Fetus gebeliğin ilk 3 ayında dış etkenlere karşı daha açıktır. İlaçların fetus üzerinde nasıl etki gösterdiği çok net olarak ortaya konamamıştır. Anneye ait reseptörleri etkileyerek indirekt olarak veya embriyonik gelişimi direkt olarak etkileyip anomalilere sebep olabilir. Plasentanın metabolizmasında değişiklikler fetus gelişimi üzerine etkili olmaktadır. Gebe kadınlar tarafından alınan ilaçların çoğu plasentayı geçmekte, fetusun kan dolaşımına karışmaktadır. Fetus, ilacı anne gibi metabolize edemediğinden gelişimi etkilenmekte ve bir takım zararlar oluşmaktadır. İlaç kullanımı konusunad doktor karar yönünden yalnız bırakılmamalıi doğurganlık yaşındaki her kadın ilaç kullanımında dikkatli olmak adına üstüne düşen sorumluluğu almalıdır.

Eğer bir ilaç kullanımı gerekirse yukarıda tanımlanan sınıflamaya göre A ve B grubundan olması tercih edilmelidir. Mecbur kalınırsa C grubu da kullanılabilir.
Günlük hayatta çok sık kullanılan birkaç ilaca örnek vermek gerekirse;


Ağrı kesici veya ateş düşürücü olarak kullanılan parasetamol:B gurubudur. Ama uzun süre yüksek doz kullanılırsa annede kansızlık, bebekte böbrek hastalığına sebep olabilir.


Yine daha güçlü ağrı kesici olarak kullanılan NSAİD’lerin naproksen dışında çoğu:C grubudur.


Hepatit B aşısı, grip aşısı:C grubudur. Yapılacaksa bile 1.trimestriden sonra yapılmalıdır.


Genital herpes için kullanılan asiklovir:B grubudur.
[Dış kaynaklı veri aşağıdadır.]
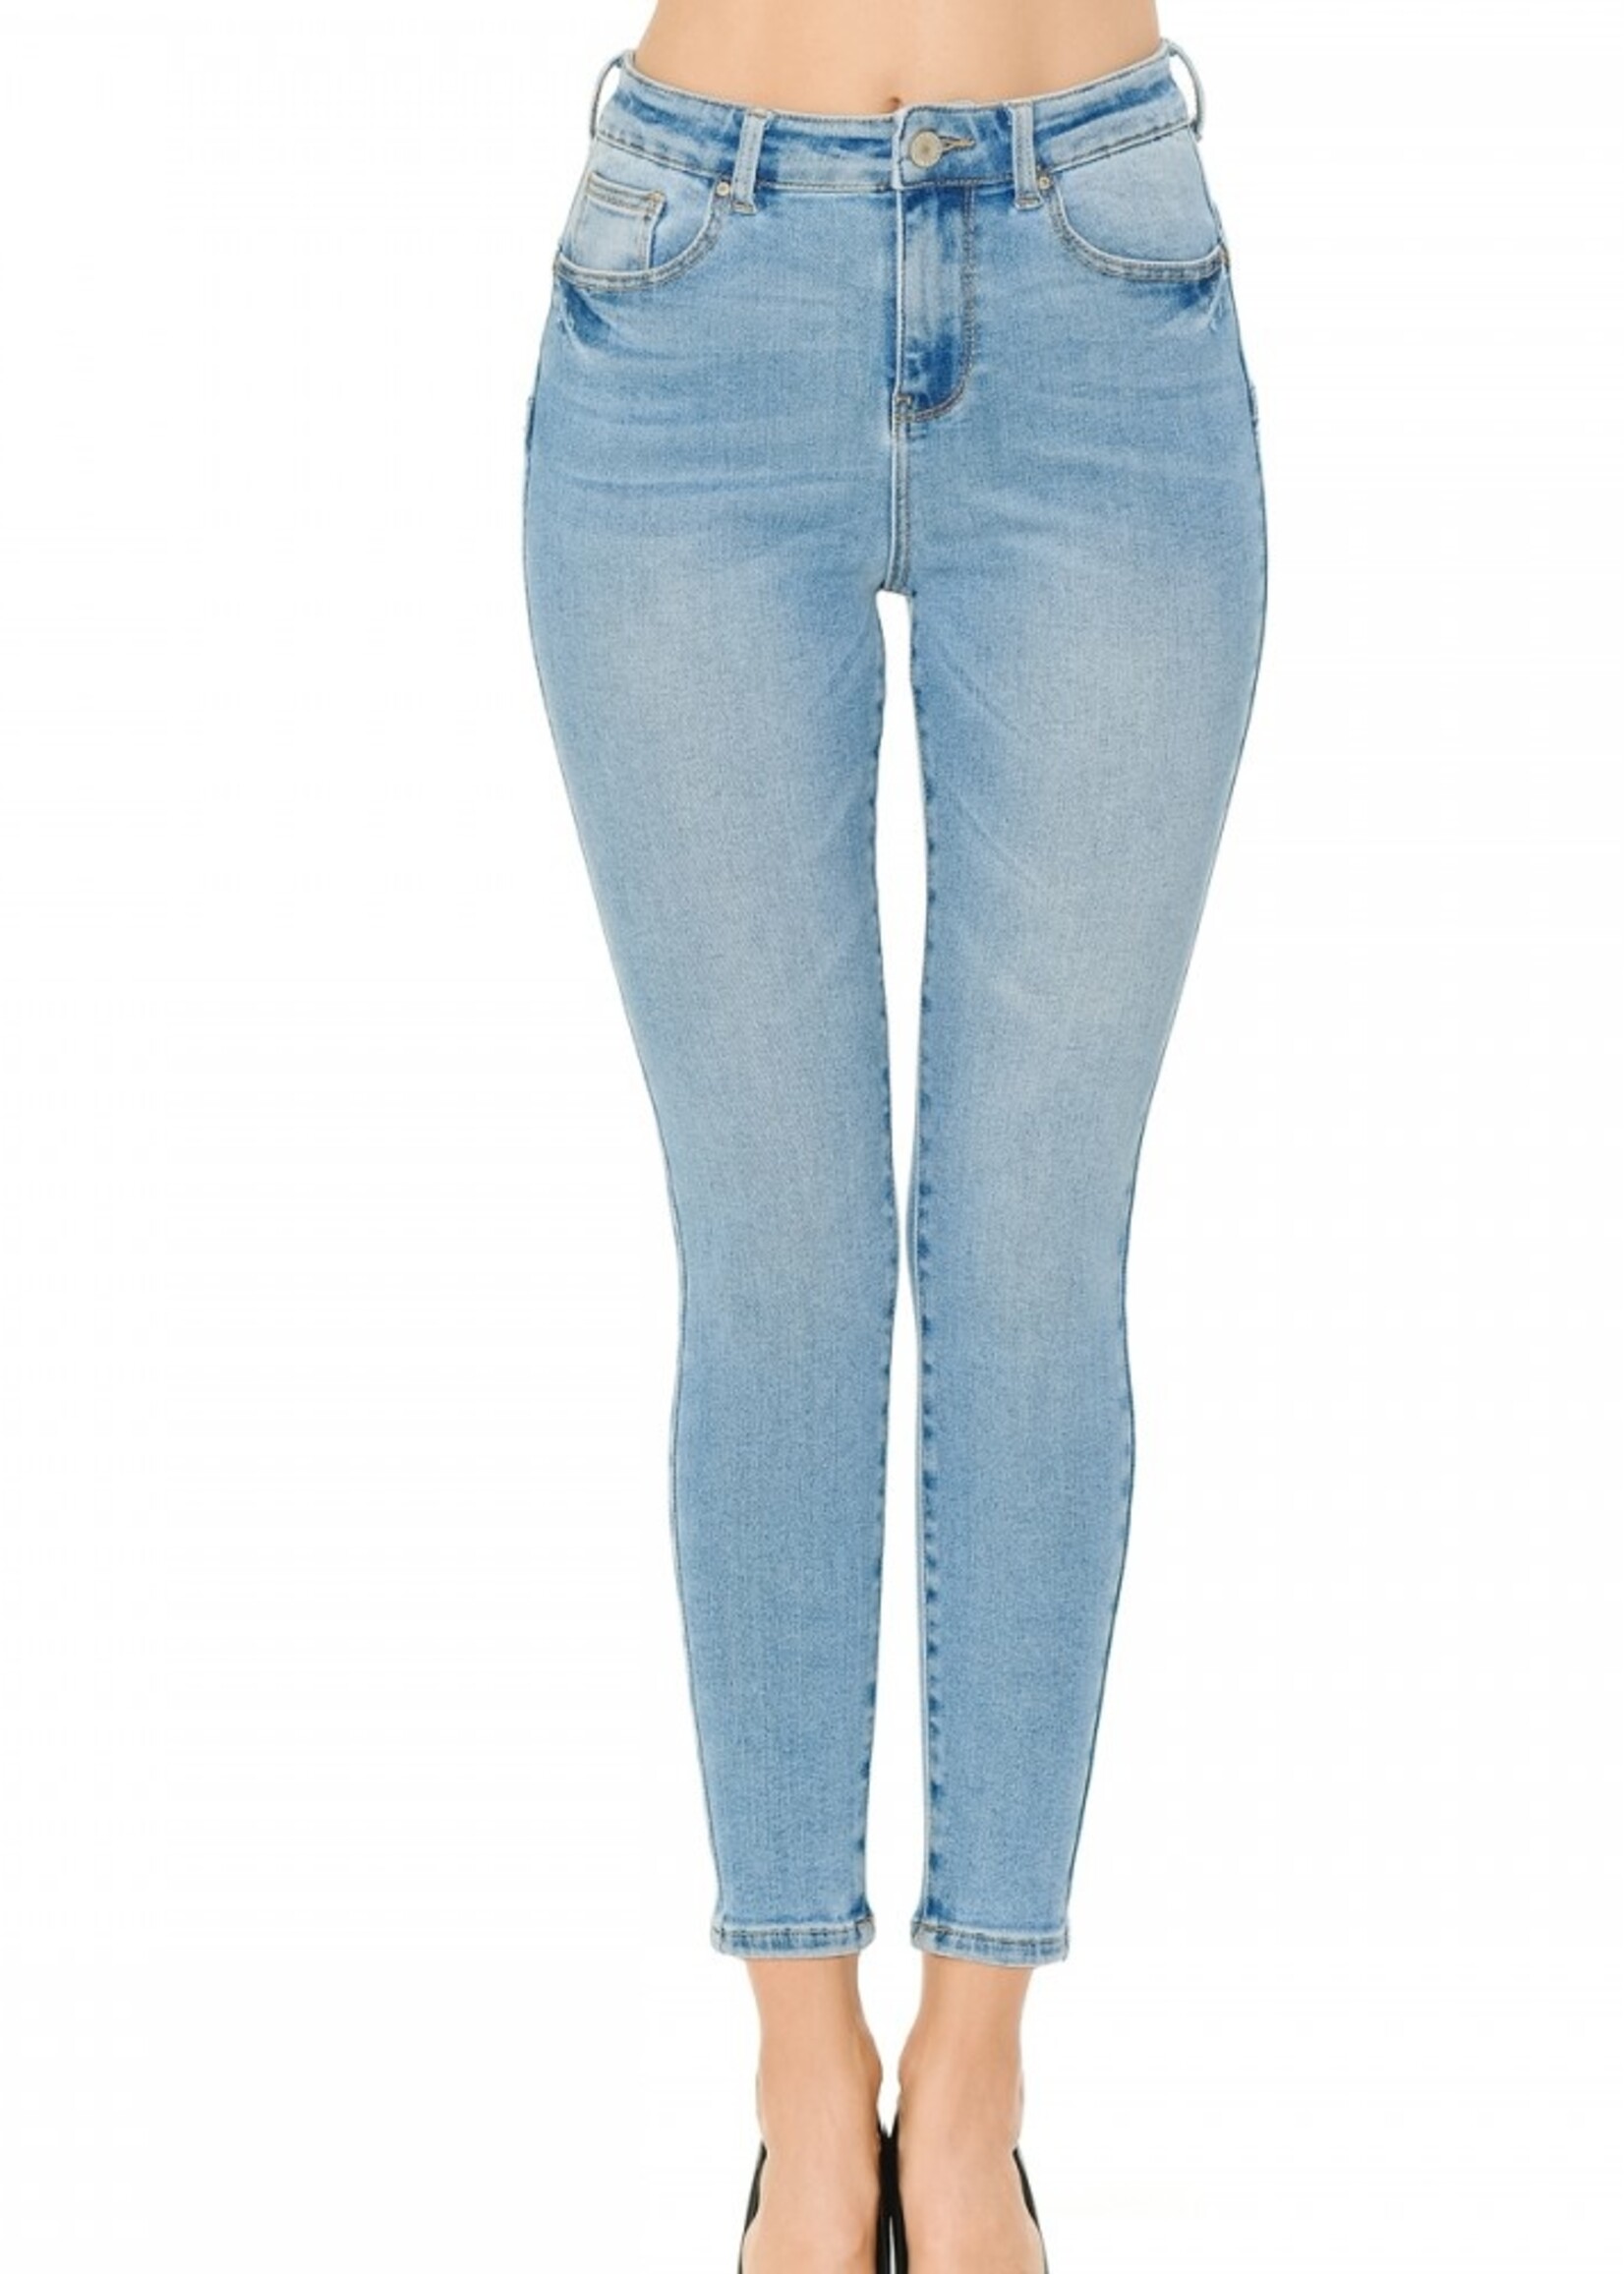 https://cdn.shoplightspeed.com/shops/634146/files/46576976/1652x2313x1/wax-jeans-wax-jeans-push-up-vintage-classic-5-pock.jpg

Gebe kadınlarda sistemik kullanımın güvenilirliği kanıtlanmamıştır.


Sık kullanılan antibiyotiklerden

●penisilin gurbu amoksisilin:B grubudur.
●penisilin grubu ampisilin:B grubudur.
●sefalosporinler:B grubudur.
●eritromisin:B grubudur.
●tetrasiklin ve doksisiklin:D grubudur.

Akıntı ve üst solunum yolu infeksiyonlarında seçilen makrolid grubu azitromisin:B grubudur.

Yapay tatlandırıcı olarak kullanılan
●aspartam:B grubudur.
●siklamat:C grubudur.

Preeklampsi veya çeşitli hastalıklarda kullanılan aspirin:C grubudur. Ama düşük doz kullanımda (40-150 mg./gün) teratojenik etkiye rastlanmamıştır.
Prolaktin yüksekliği tedavisinde kullanılan bromokriptin:C grubudur.
Gebelikte ortalama miktarda tüketilen kafein:B grubudur.
Tifo tedavsinde kullanılan kloramfenikol:C grubudur.

Mide şikayetlerinde kullanılan

●simetidin, famotidin:B grubudur.
●Proton pompası inhibitörleri:C grubudur.

İdrar yolları infeksiyonlarında kullanılan ciprofloksasin:C grubudur.
Ovulasyon indüksiyonunda kullanılan klomifen:X grubudur.
Kortizon kullanımı:C grubudur.
Kan sulandırıcı oral antikoagülanlar:D grubudur.
Düşük moleküler ağırlıklı heparinler:B grubudur.
Sakinleştirici diazepam:D grubudur.
Kolestrol düşürücü ilaçlardan fluvastatin, lovastatin:X grubudur.

Gebeliğin oluşmasından 1-3 ay önce başlana ve ilk 3 ay devam edilen folik asit:A grubudur.
Aminoglikozit grubundan gentamisin:C grubudur.
Oral antidiyabetik glipizid:C grubudur.

Oral antihiperglisemik metformin:B grubudur.
Hepatit B ve tetanoz immunglobulin:C grubudur.
İnsulin:B grubudur. Büyük moleküllü olduğundan plasentadan geçmediği kabul edilmektedir.
Hipotroidi tedavisinde kullanılan levotroksin:A grubudur.
Antiinfektif, amebisit metronidazol:B grubudur.
Gebeliğn erken dönem bulantılarında kullanılan ondansetron:B grubudur.

Bu şekilde listeyi uzatmak mümkün. Burada vermek istediğimiz mesaj; gebelikte de kullanmaya uygun ilaçlar vardır. Önemli olan bunların risklerini ve faydalarını çok iyi bilmek ve gerektiği şekilde kullanmaktır. Sağlıklı gebelikler için sağlıklı annneler gerekmektedir.